Scotland, PA is yet another resettlement of a Shakespeare classic (Macbeth), this time to the nowhere's-ville setting of the title sometime around 1972. Rather than following the normal routine of strictly translating economic and class structures from the original setting (Princes and Kings in Denmark), writer/director Billy Morrissette has gone a full 180 in the other direction and turned the bulk of the play into a venal, viciously funny comedy. We didn't think it possible, but he did and he did it well.
Joe "Mac" McBeth (James LeGros) and his wife Pat (Maura Tierney) labor endlessly in a rundown burger joint owned by Norm Duncan (James Rebhorn). Duncan's is a greasy spoon where "the fowl is fowl and the fare is fair," according to three hippies (Andy Dick, Amy Smart, Timothy "Speed" Levitch) who will guide McBeth on his murderous path to riches with the help of a Magic Eight Ball. In McBeth's way is Doug McKenna (Josh Pais), who manages the joint and fills his pockets with profits skimmed out of the register. When "Mac" is tipped to the rip-off by friend and coworker Tony Banconi (Kevin Corrigan), the married would be marauders get the skimmer fired, the better to take control of the operation.

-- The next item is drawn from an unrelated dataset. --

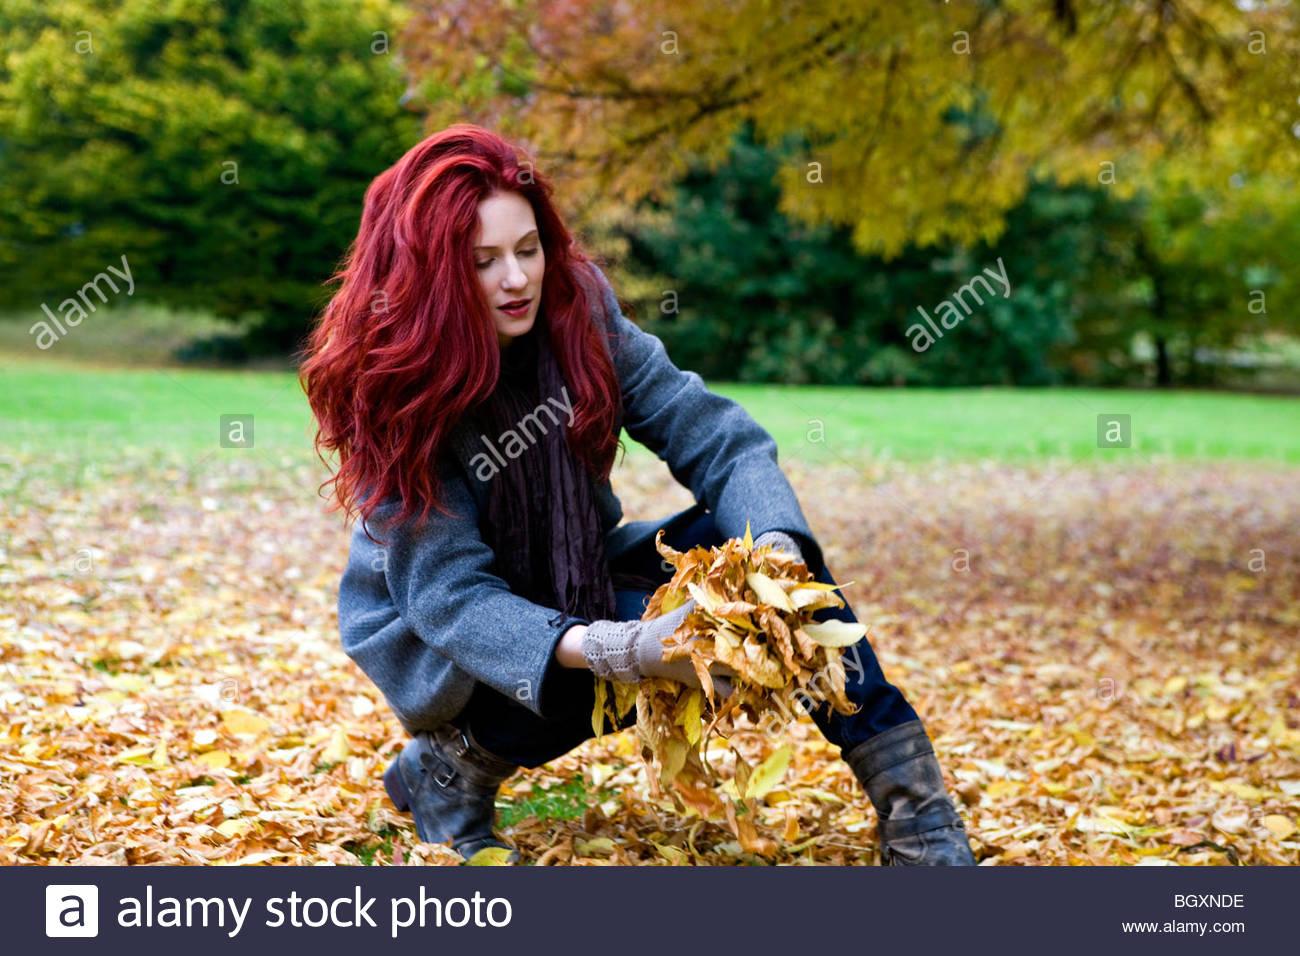 La collecte d'une jeune femme les feuilles d'automne Photo Stock

Nope. Duncan's got two sons, a would be rocker named Malcolm (Tom Guiry) and the closeted Donald (Geoff Dunsworth) -- this film is anything but politically correct and that goes double for the mouth on Maura Tierney. If four letter words offend, stay thee away from the theater. Duncan wants his eldest to manage and inherit the joint. Mac is named "assistant," which pisses off Lady Mac. Plan B is hatched: Kill Duncan, making it look like a robbery, and buy the store from the kidlets who could care less. Renamed McBeth's a featuring the first drive thru window ever seen in the town, the place is a runaway success.
All this scheming is set to a soundtrack consisting of almost every hit Bad Company and the Marshall Tucker Band ever had. Totally whack and totally funny, with Duncan murdered in such a twisted and unintentional way that we'll never look at fast food the same way again.
What we've described is nothing compared to what happens when police detective Ernie McDuff (Christopher Walken) is imported to aid the local police force. Considering that the principal member of said force (John Cariani) is an idiot, it doesn't take much to help out. Walken's dry, stone faced humor is so appropriate for a cop that his performance alone justifies paying the ticket price.
The only problem is that, as with all of the Bard's classics, things get real bloody at the end. How this comedy shifts to a story rife with rampant insanity and paranoia is the sole bump in the road. If you are familiar with the original you'll be able to follow most of it. If you're not -- it has always been the position of this site that you shouldn't have to know the Source Material -- things get rocky. Thankfully the truly gory stuff is kept off screen or is suggested and not shown.
Truth is, we didn't expect a lot out of this film but we were very surprised at how much we liked it. Despite the low budget look, Scotland PA is a lot more fun than the average indieflick and much cleverer than some high budgeted major-studio trash we can think of.
On average, a first run movie ticket will run you Nine Bucks. Were Cranky able to set his own price to Scotland, PA, he would have paid . . .
If you're of the opinion that your own sense of humor is definitely off-kilter, hunt this one down on the indie circuit.